As far as I understand, js-ipfs http daemon is built on top of HAPI, which apparently is one of the slowest HTTP frameworks for Nodejs. I do believe, this commands the inability to handle more than 20 simultaneous connections. As an experiment, I got dag.put HTTP endpoint implemented on top of Fastify, with same IPFS instance configuration. Handles 1000 simultaneously initiated connections just fine.
I do understand, that one could put something like HAProxy in front, and that JS-IPFS maybe has never been oriented towards performance. Though, it feels like you guys should be aware of the issue.
Adjust TIMES variable in https://gist.github.com/ukstv/25f77d94113f32c0b2d200f8f1e0c3a1 to 20, and run it against local js-ipfs instance. Works all right, reports no refused connections. If you set it back to 1000, then a huge part of the connections would be refused.
Thank you for submitting your first issue to this repository! A maintainer will be here shortly to triage and review.
In the meantime, please double-check that you have provided all the necessary information to make this process easy! Any information that can help save additional round trips is useful! We currently aim to give initial feedback within two business days. If this does not happen, feel free to leave a comment.
Please keep an eye on how this issue will be labeled, as labels give an overview of priorities, assignments and additional actions requested by the maintainers:
Finally, remember to use https://discuss.ipfs.io if you just need general support.
We're looking into this.
May be related to https://github.com/ipfs/js-ipfs/issues/3469
It's important to set a baseline for performance expectations.
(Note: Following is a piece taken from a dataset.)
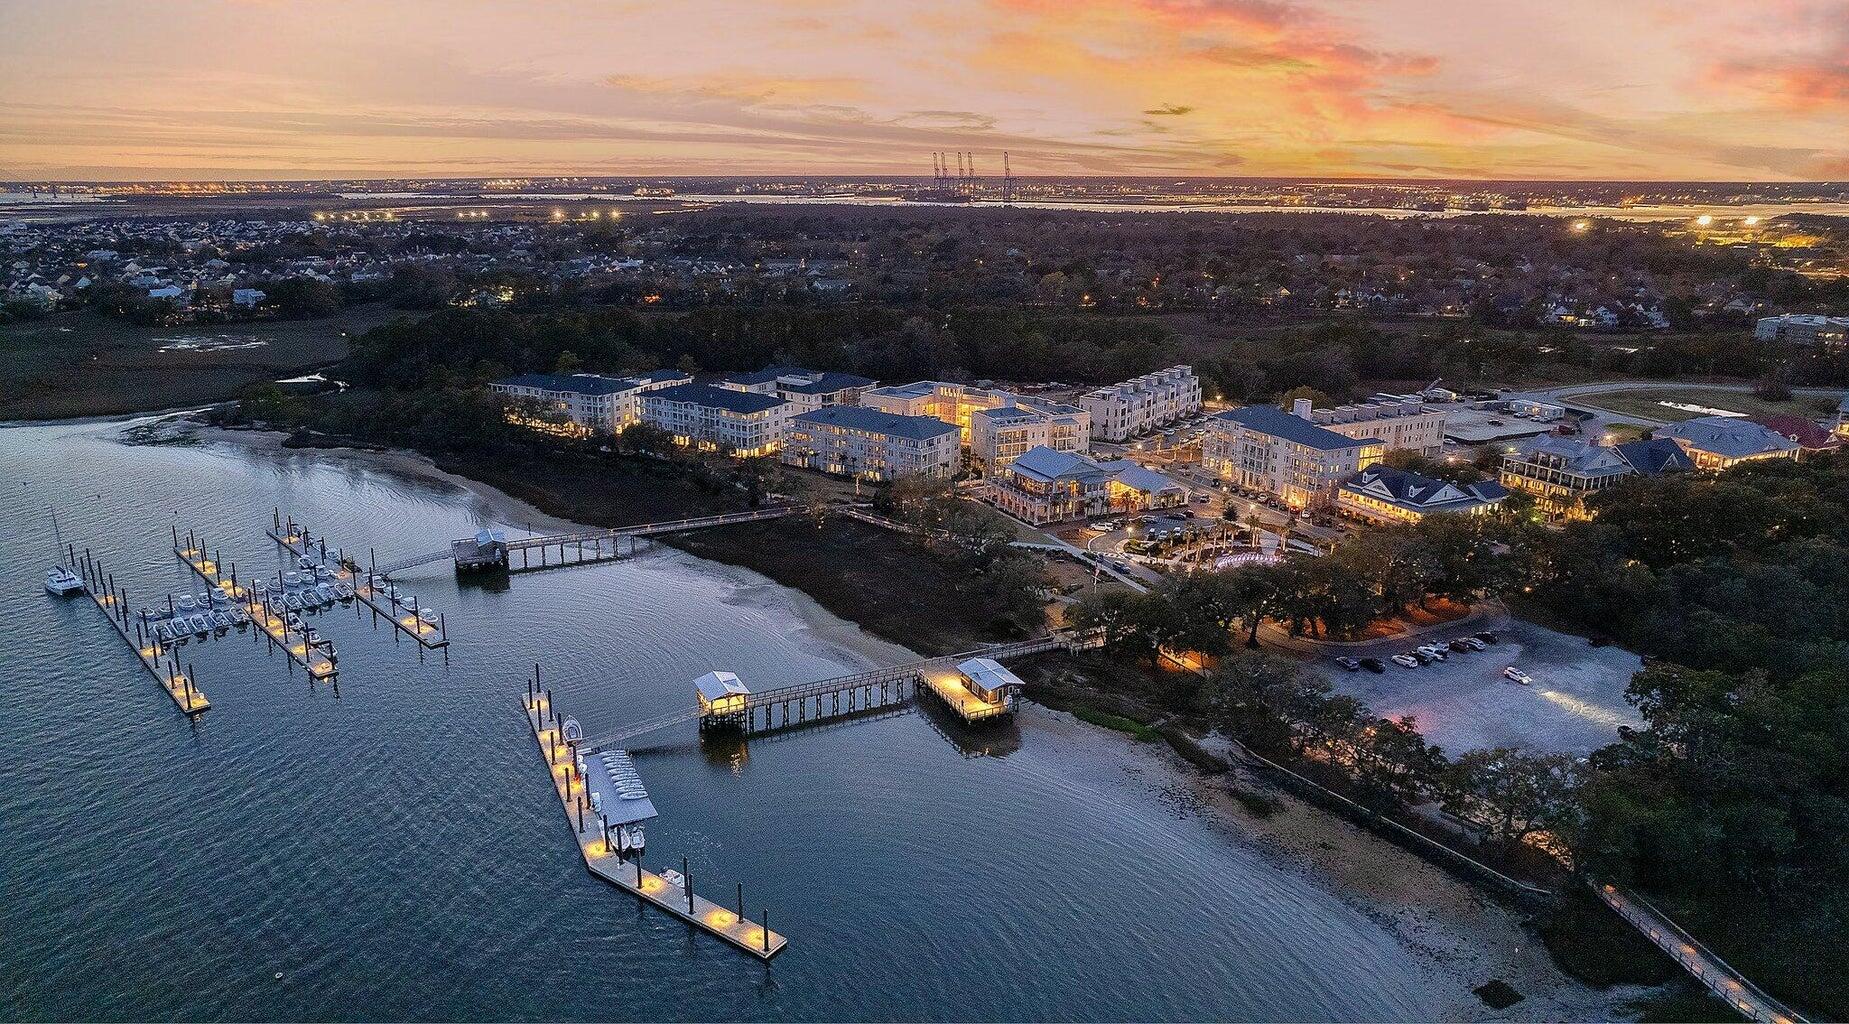 Aerial of Waterfront

In this gist I set up an HTTP server and use a client to make requests to it, using only node core - no HTTP framework and no HTTP client abstractions.
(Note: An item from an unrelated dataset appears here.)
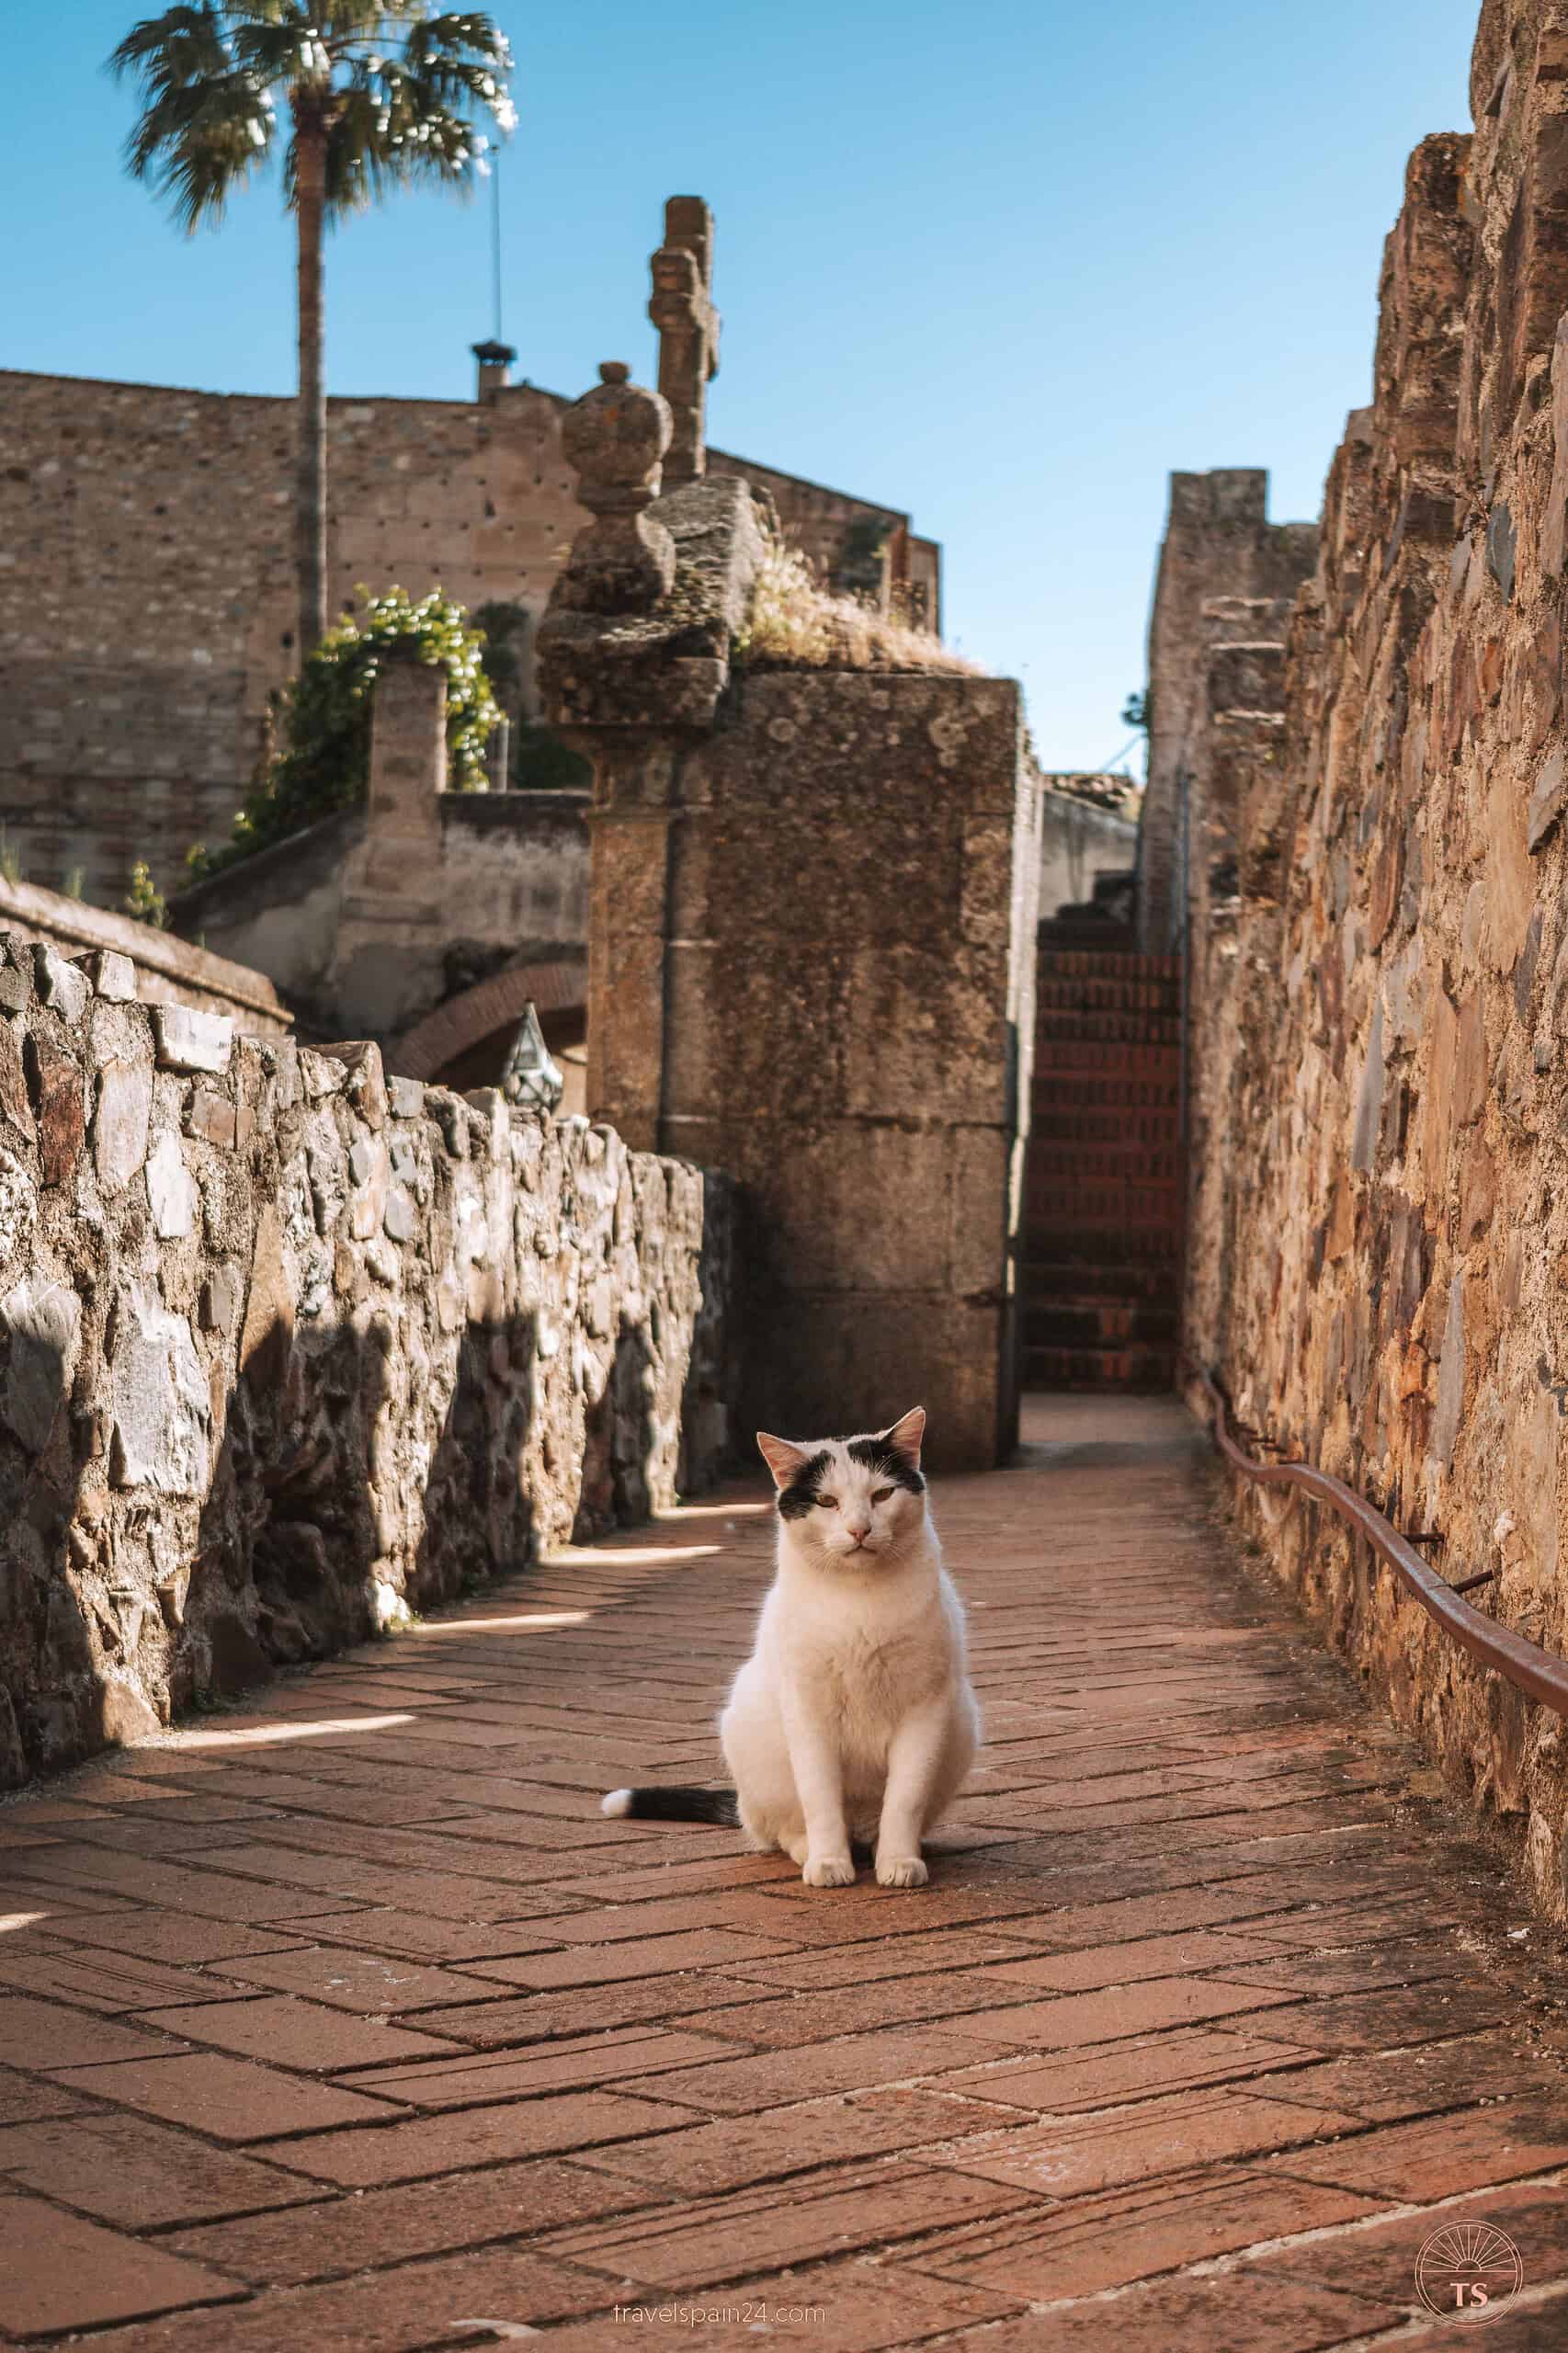 Another charming cat encounter, this time perched on the old city walls by Torre de Bujaco in Cáceres, adding a touch of whimsy to our exploration.

Running on Mac OS X 10.15.6 I see the following:
$ node max-concurrent-requests.js
testing 100 concurrent requests
max in flight 100
testing 111 concurrent requests
max in flight 111
testing 123 concurrent requests
max in flight 123
testing 136 concurrent requests
request 125 failed
max in flight 0
Error: connect ECONNRESET 127.0.0.1:51658
at TCPConnectWrap.afterConnect [as oncomplete] (net.js:1137:16) {
errno: 'ECONNRESET',
code: 'ECONNRESET',
syscall: 'connect',
address: '127.0.0.1',
port: 51658
}
For me, after a few runs it starts to fail somewhere between 120-140 concurrent requests on average.
The same code run on Linux is much better:
$ node max-concurrent-requests.js
testing 100 concurrent requests
max in flight 100
testing 111 concurrent requests
max in flight 111
testing 123 concurrent requests
max in flight 123
... output omitted
testing 2027 concurrent requests
max in flight 2027
testing 2230 concurrent requests
request 2048 failed
... output omitted
max in flight 0
Error: connect EMFILE 127.0.0.1:38212 - Local (undefined:undefined)
at internalConnect (net.js:923:16)
at defaultTriggerAsyncIdScope (internal/async_hooks.js:323:12)
at net.js:1011:9
at processTicksAndRejections (internal/process/task_queues.js:79:11) {
errno: 'EMFILE',
code: 'EMFILE',
syscall: 'connect',
address: '127.0.0.1',
port: 38212
}
Over 2000 concurrent requests before it gets an EMFILE, likely because it's hit a limit on how many files a process can have open.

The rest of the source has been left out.